```{contents}
```
## Cross-Attention

**Cross-attention** is an attention mechanism where one sequence (the **query**) attends to a *different* sequence (the **context / source**) in order to extract relevant information.

It is the mechanism that allows models to **connect two different information sources**.

---

### **Core Intuition**

Imagine writing a summary while reading a document.

* Your **current sentence** = query
* The **document you're reading** = keys & values
* Your brain focuses on the most relevant parts of the document for each word you write

That focus process is **cross-attention**.

---

### **How It Works**

Given:

* Query matrix (Q) from one sequence
* Key (K) and Value (V) from another sequence

$$
\text{Attention}(Q, K, V) = \text{softmax}\left(\frac{QK^T}{\sqrt{d}}\right) V
$$

---

### **Architecture Placement**

#### Encoder–Decoder Transformers

```
Encoder Output ──► K, V
Decoder State ───► Q
```

The decoder queries the encoder’s output to generate each new token.

---

### **Why It Is Essential**

Cross-attention allows:

* Translation (target language attends to source language)
* Summarization (summary attends to document)
* Multimodal grounding (text attends to images, audio, video)
* Retrieval-Augmented Generation (LLM attends to retrieved documents)

---

### **Applications**

#### Machine Translation

Target sentence attends to source sentence.

#### Question Answering

Answer attends to the relevant parts of the passage.

#### RAG Systems

Generated output attends to retrieved documents.

#### Multimodal AI

Text attends to image features or audio embeddings.
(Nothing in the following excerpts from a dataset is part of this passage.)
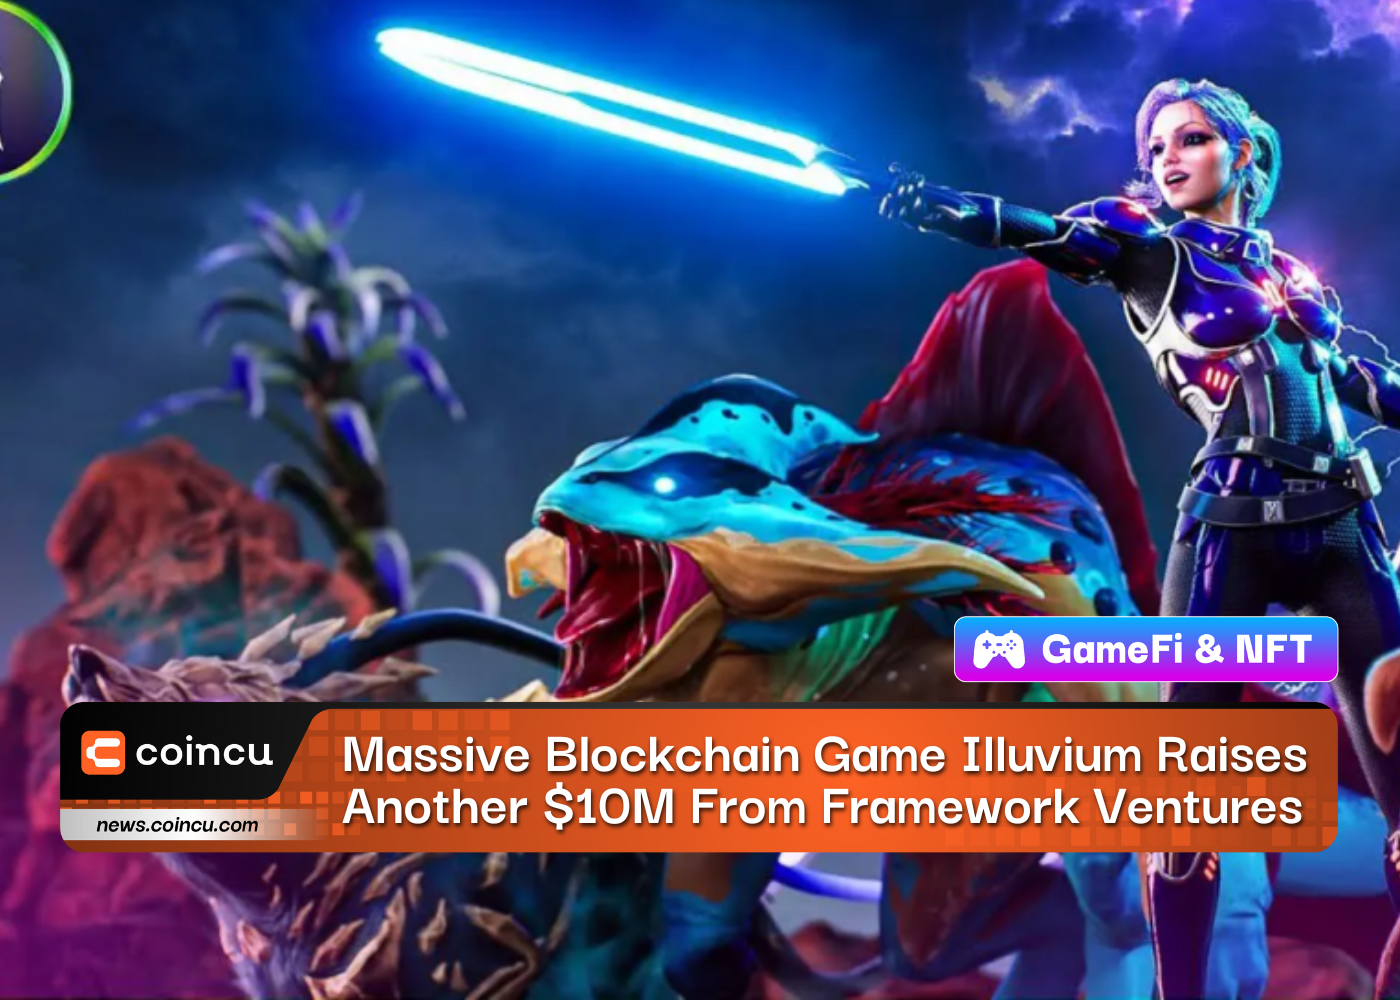 Le jeu massif de blockchain Illuvium lève 10 millions de dollars supplémentaires auprès de Framework Ventures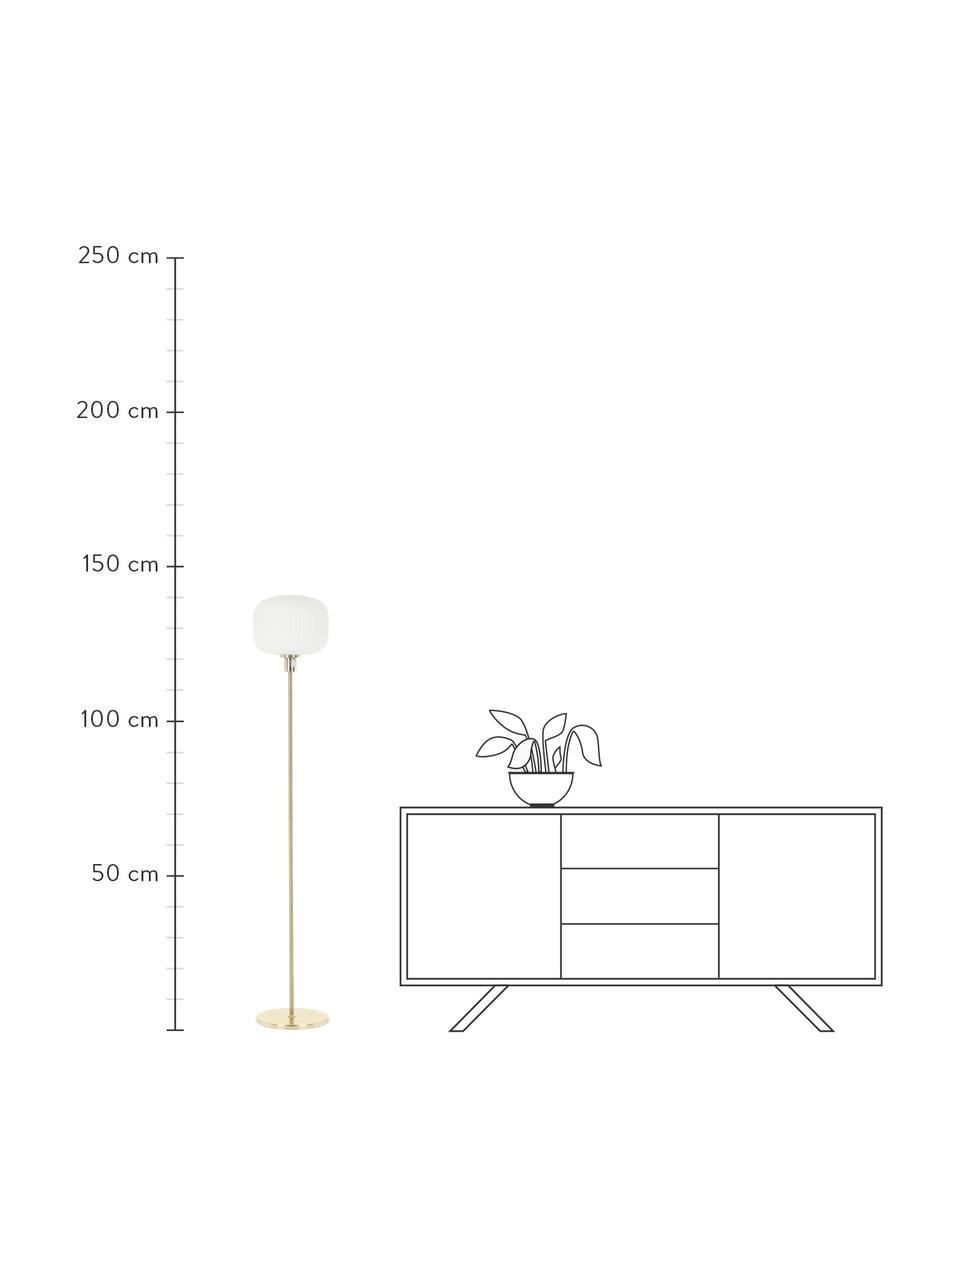 Stehlampe Sober mit Glasschirm, Lampenschirm: Opalglas, Lampenfuß: Metall, gebürstet, Weiß, Goldfarben, Ø 25 x H 141 cm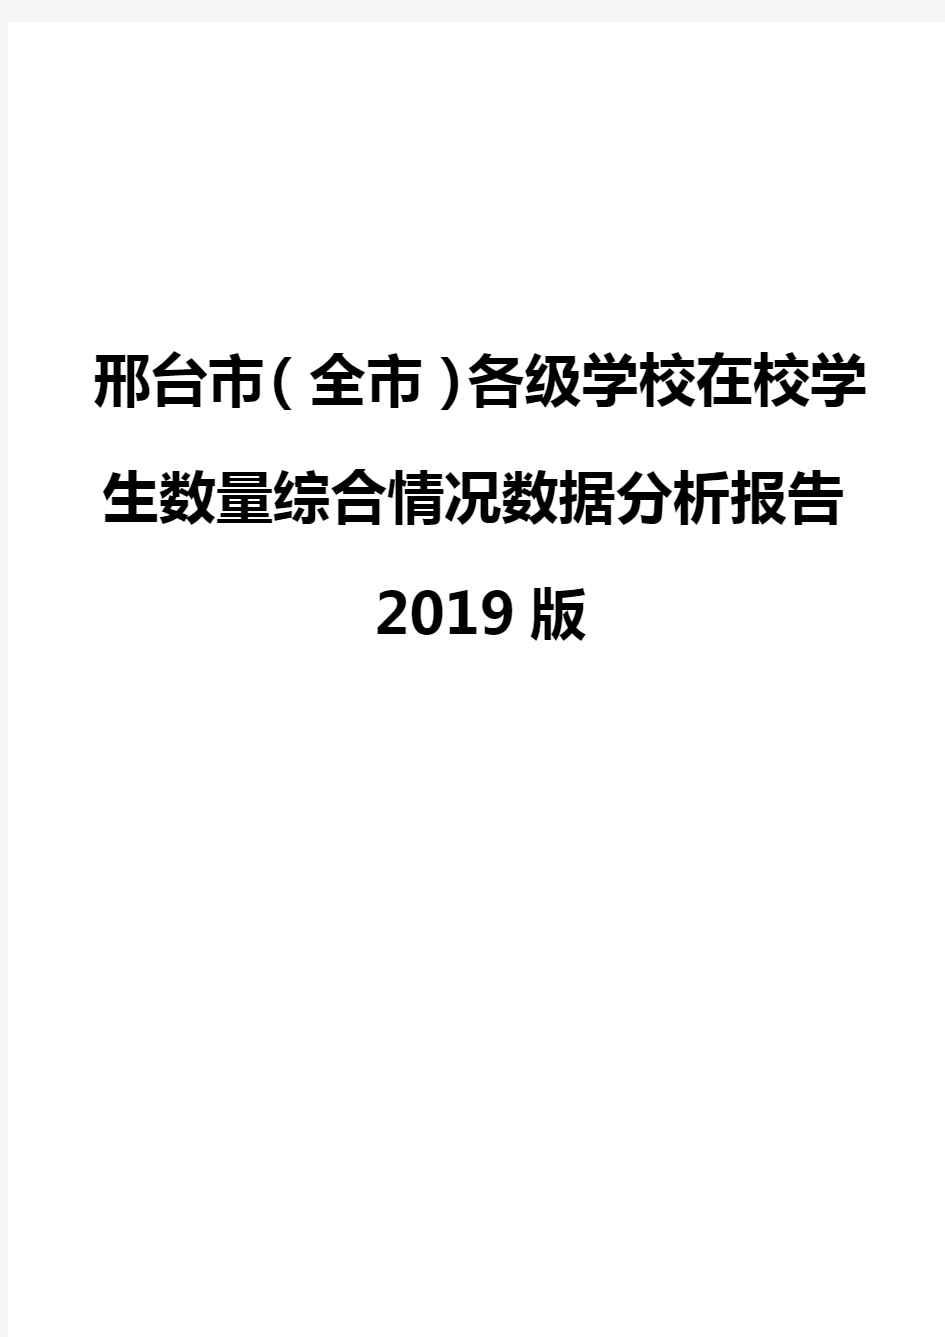 邢台市(全市)各级学校在校学生数量综合情况数据分析报告2019版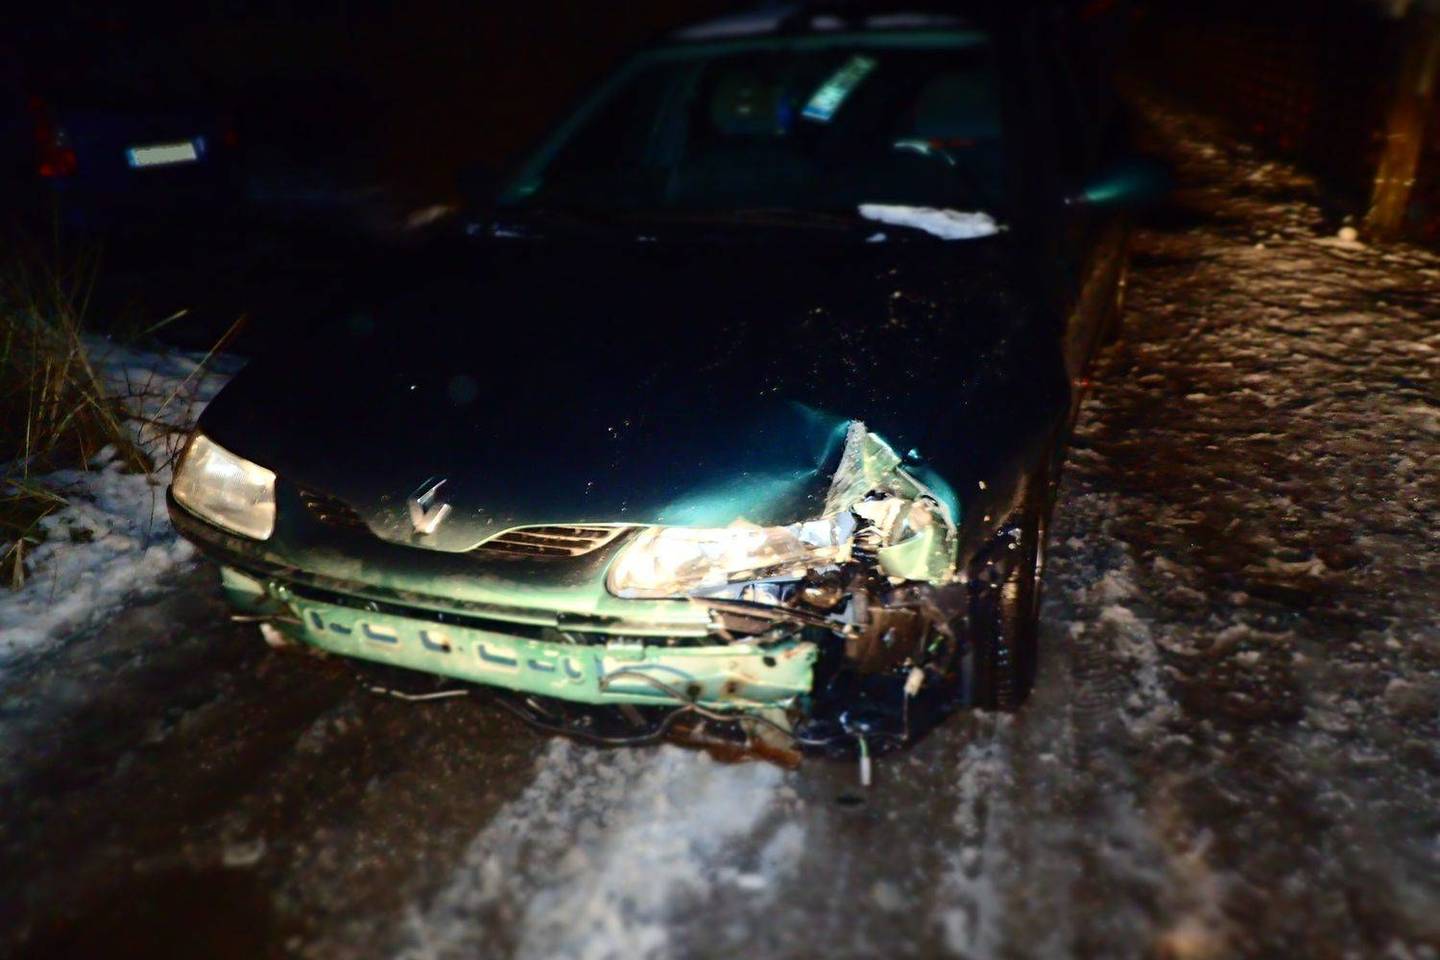  Neblaivaus vairuotojo valdomas automobilis trenkėsi į stulpą. Apie nelaimę pranešė pilietiški gyventojai. <br> Kauno policijos nuotr.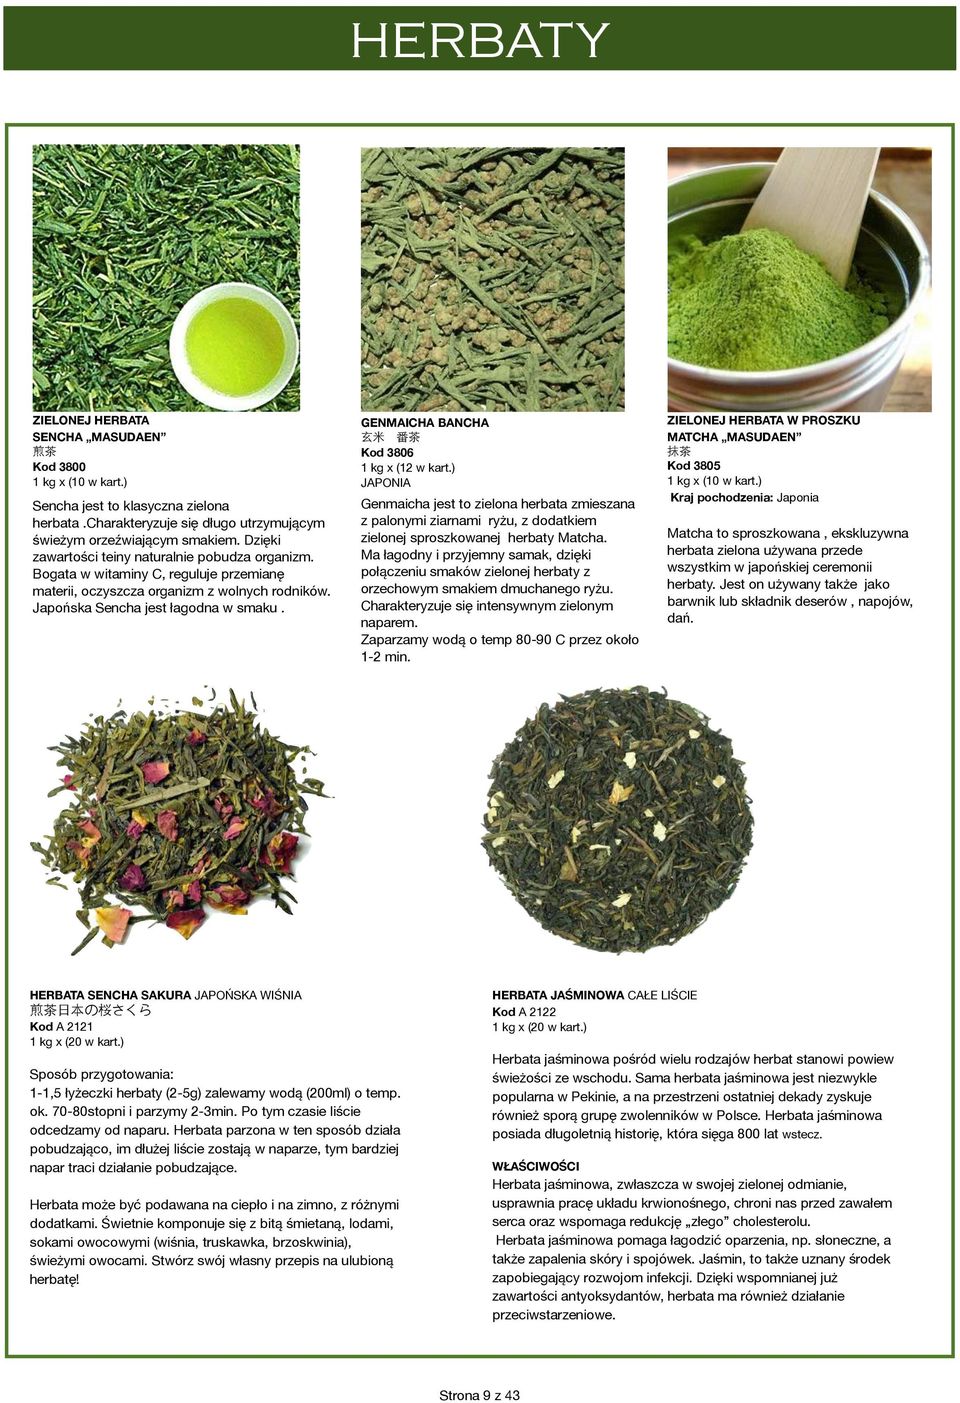 ZIELONEJ HERBATA / GENMAICHA BANCHA 番 茶 Kod 3806 1 kg x (12 w kart.) JAPONIA Genmaicha jest to zielona herbata zmieszana z palonymi ziarnami ryżu, z dodatkiem zielonej sproszkowanej herbaty Matcha.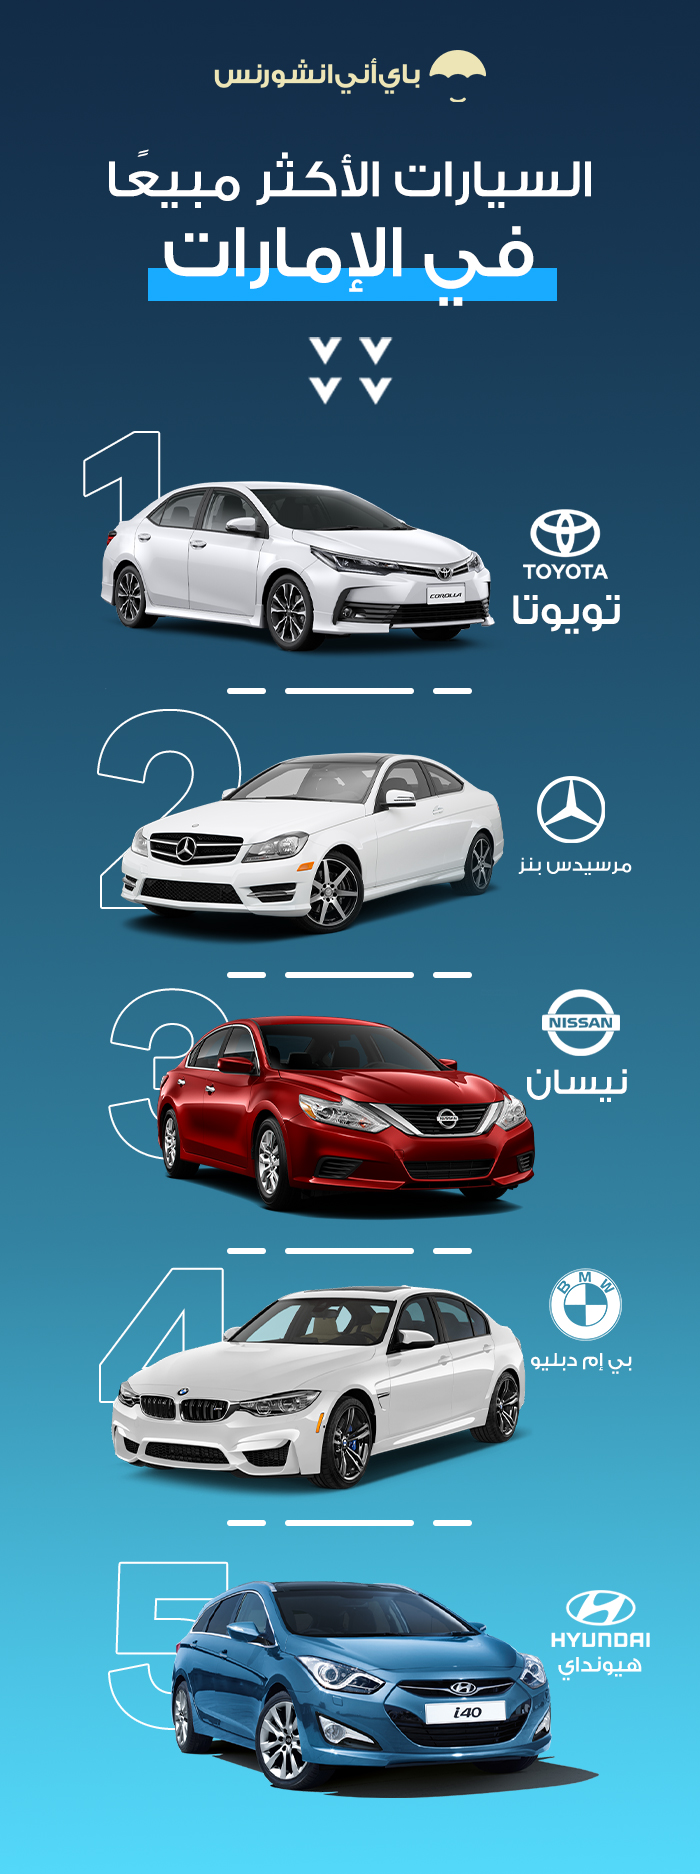 السيارات الأكثر مبيعًا في الإمارات - بيع السيارة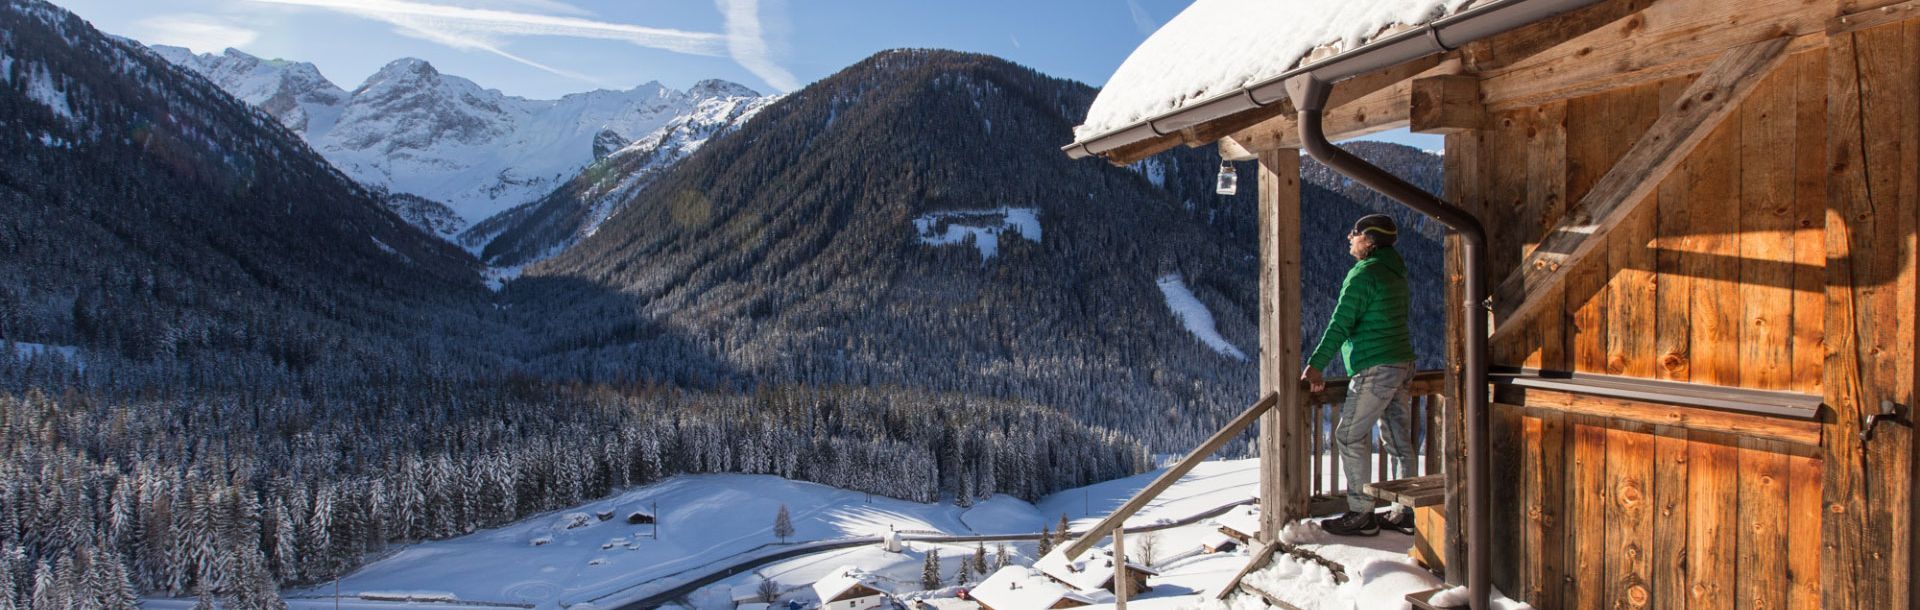 Urlaub in der Erlebnisregion Osttirol | © TVB Osttirol-BergimBild

#### Vision-Language Models

Captioning, visual question answering.

---

### **Benefits**

| Benefit               | Explanation                               |
| --------------------- | ----------------------------------------- |
| Information grounding | Connects output to external knowledge     |
| Precision             | Focuses on only the most relevant content |
| Modularity            | Decouples source and target sequences     |
| Scalability           | Efficient information fusion              |

---

### **Cross-Attention vs Self-Attention**

| Feature         | Self-Attention              | Cross-Attention             |
| --------------- | --------------------------- | --------------------------- |
| Source of Q,K,V | Same sequence               | Different sequences         |
| Purpose         | Understand internal context | Fuse external context       |
| Used in         | Encoder & Decoder           | Decoder & multimodal models |

---

**Intuition Summary**

Cross-attention is the model’s way of **looking up relevant information from another source while generating each output token**.